[[ Information supplied open ]]
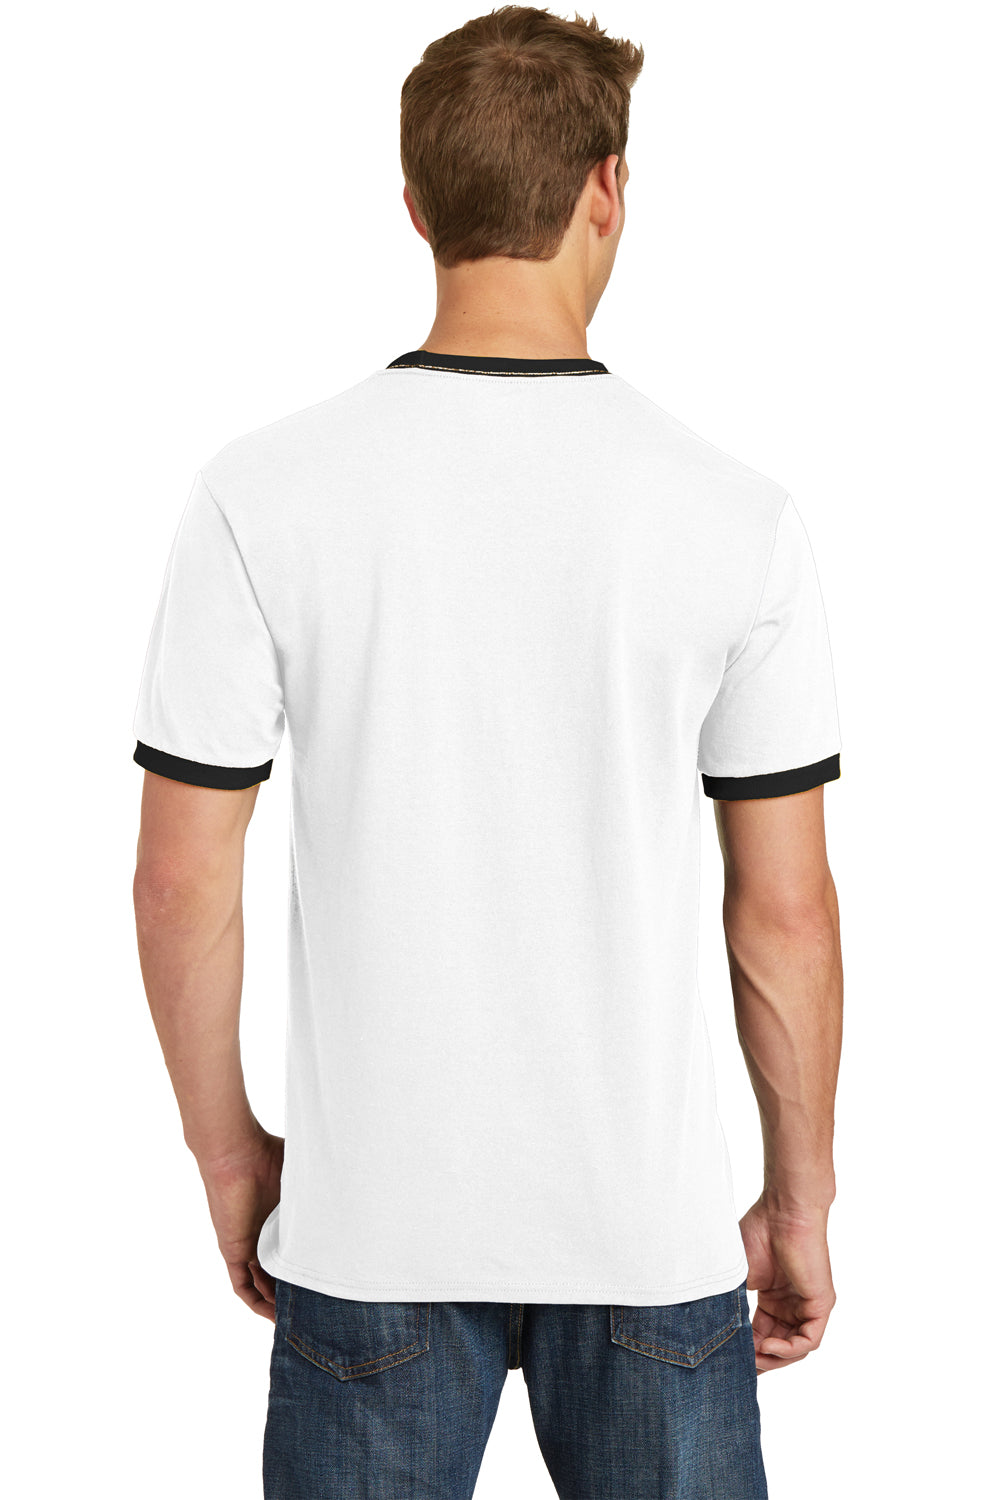 Port & Company PC54R Mens Core Ringer Short Sleeve Crewneck T-Shirt White/Black Back
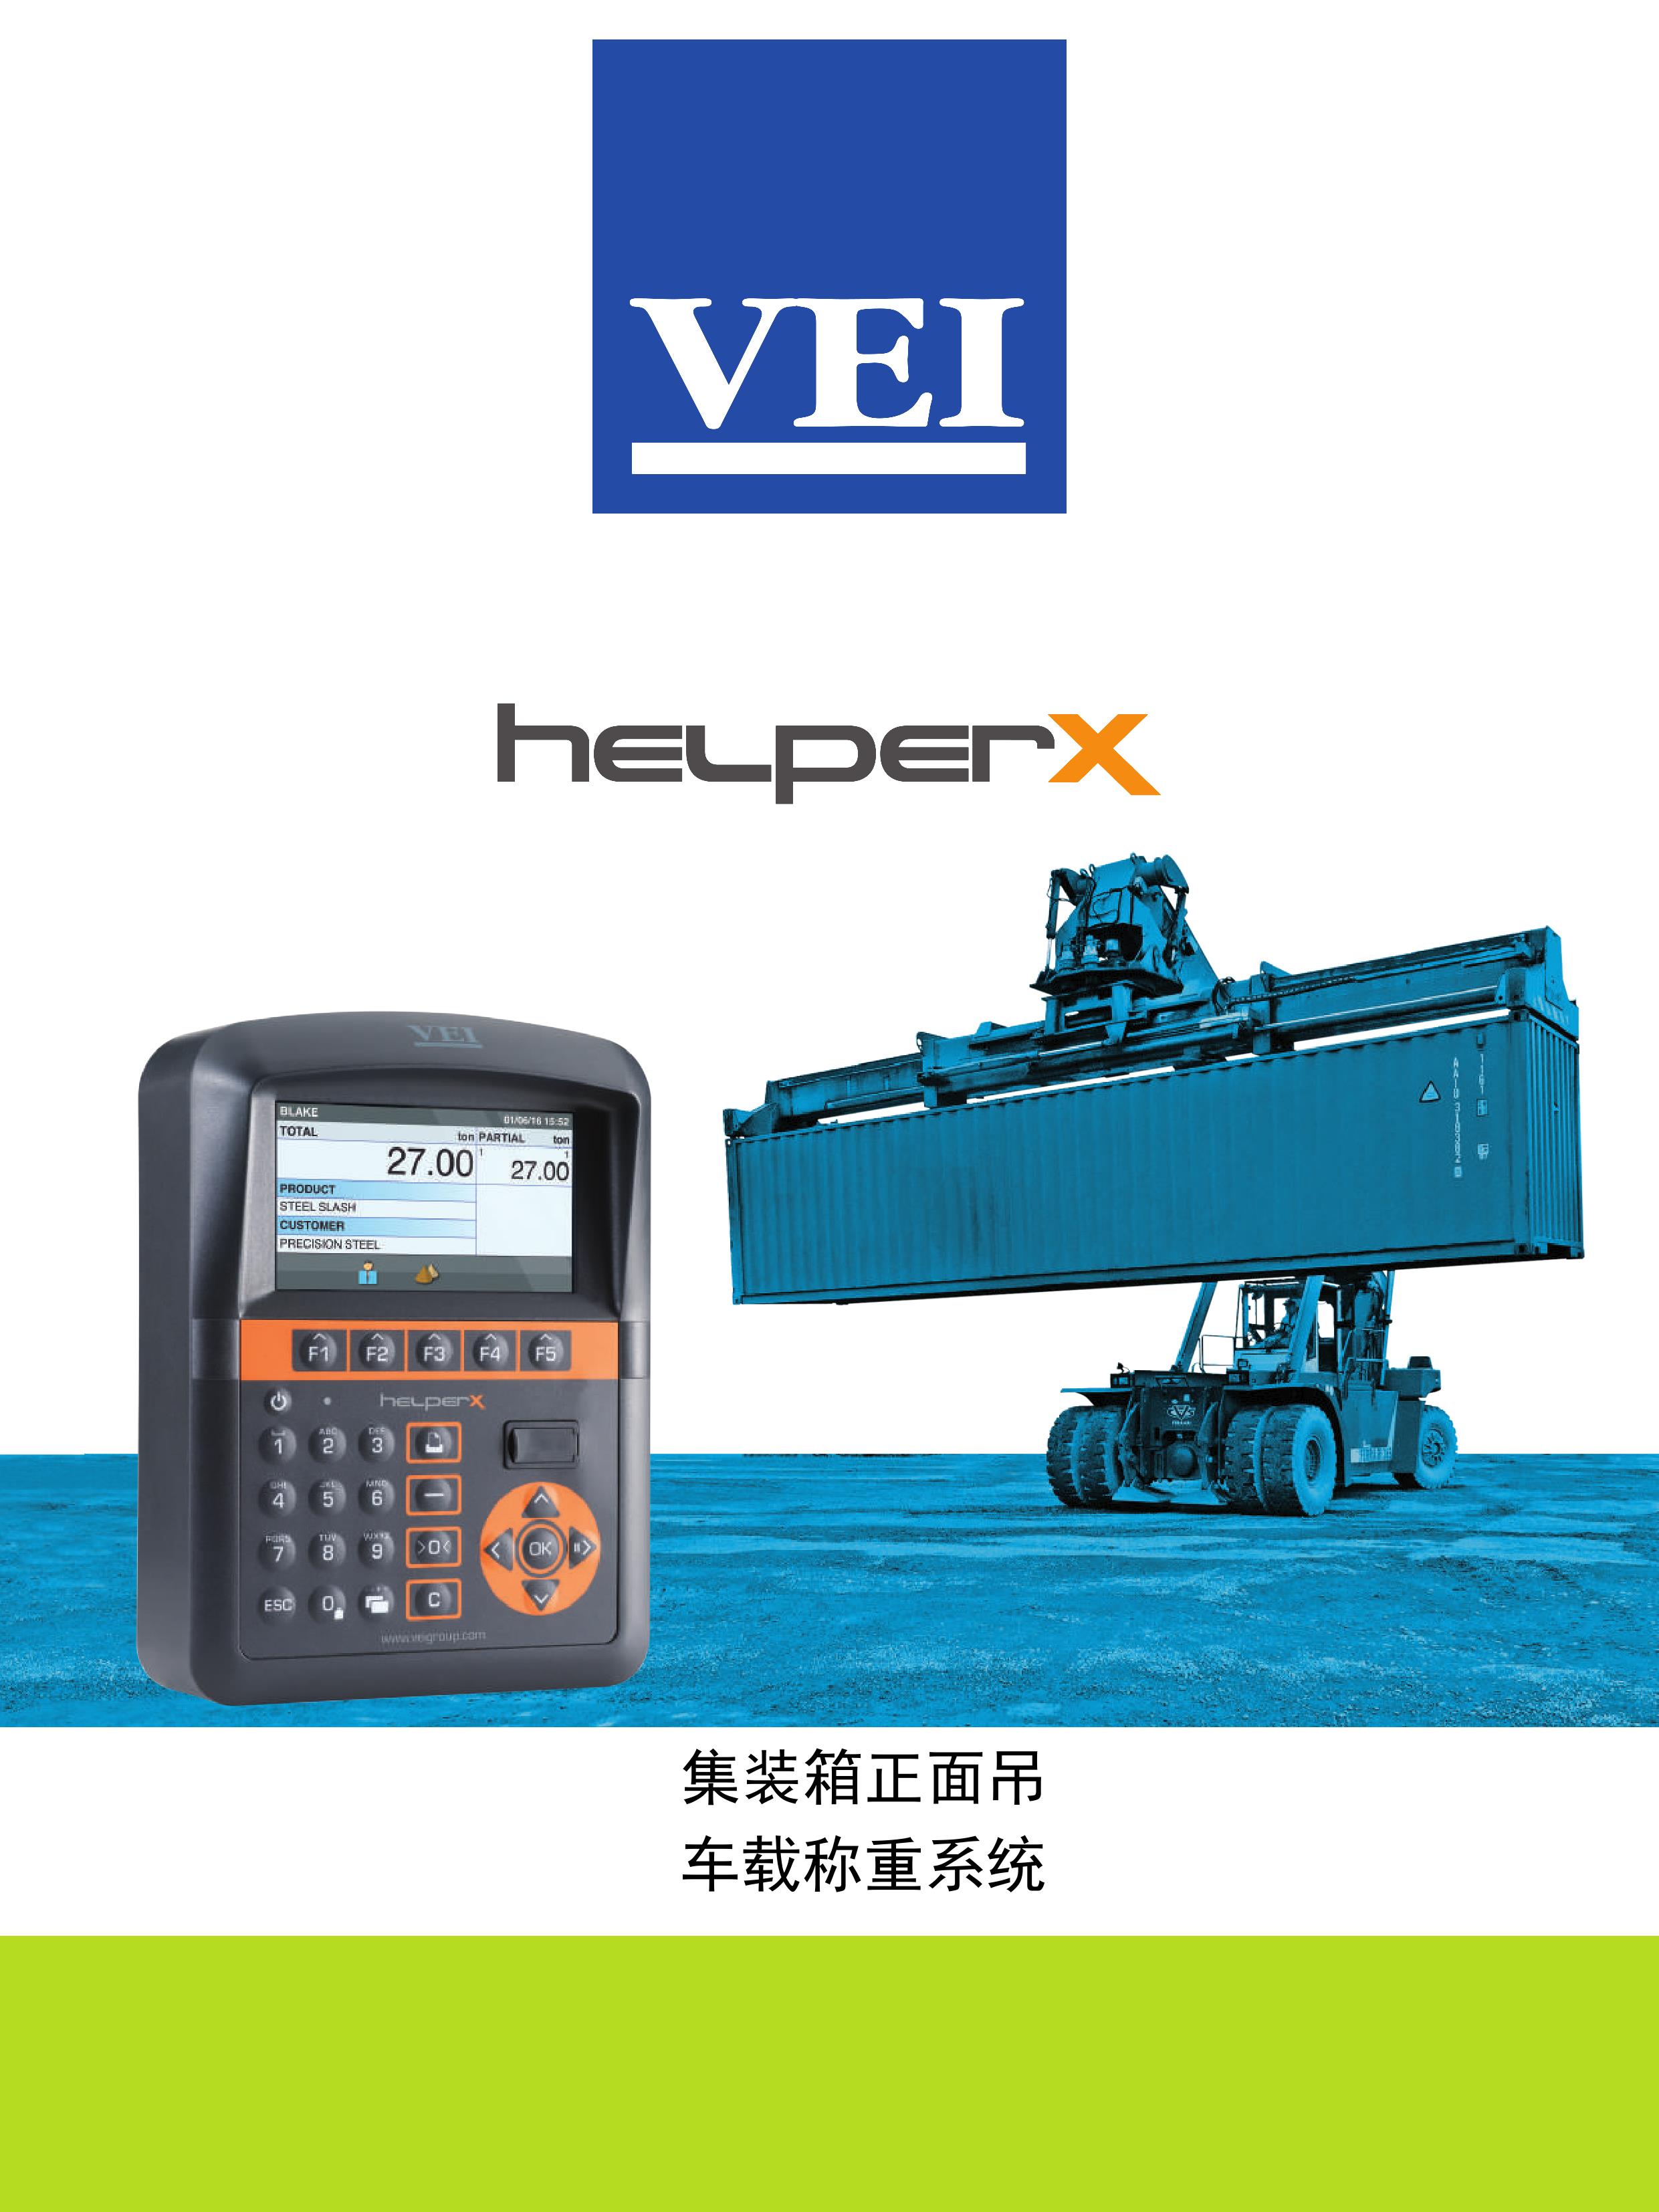 产品名称：集装箱称重系统
产品型号：HELPER X
产品规格：HELPER X
[[ Information supplied closed ]]
Reproduce everything above exactly, images excluded.

Solution to this task:
 Port & Company PC54R Mens Core Ringer Short Sleeve Crewneck T-Shirt White/Black Back
 产品名称：集装箱称重系统
产品型号：HELPER X
产品规格：HELPER X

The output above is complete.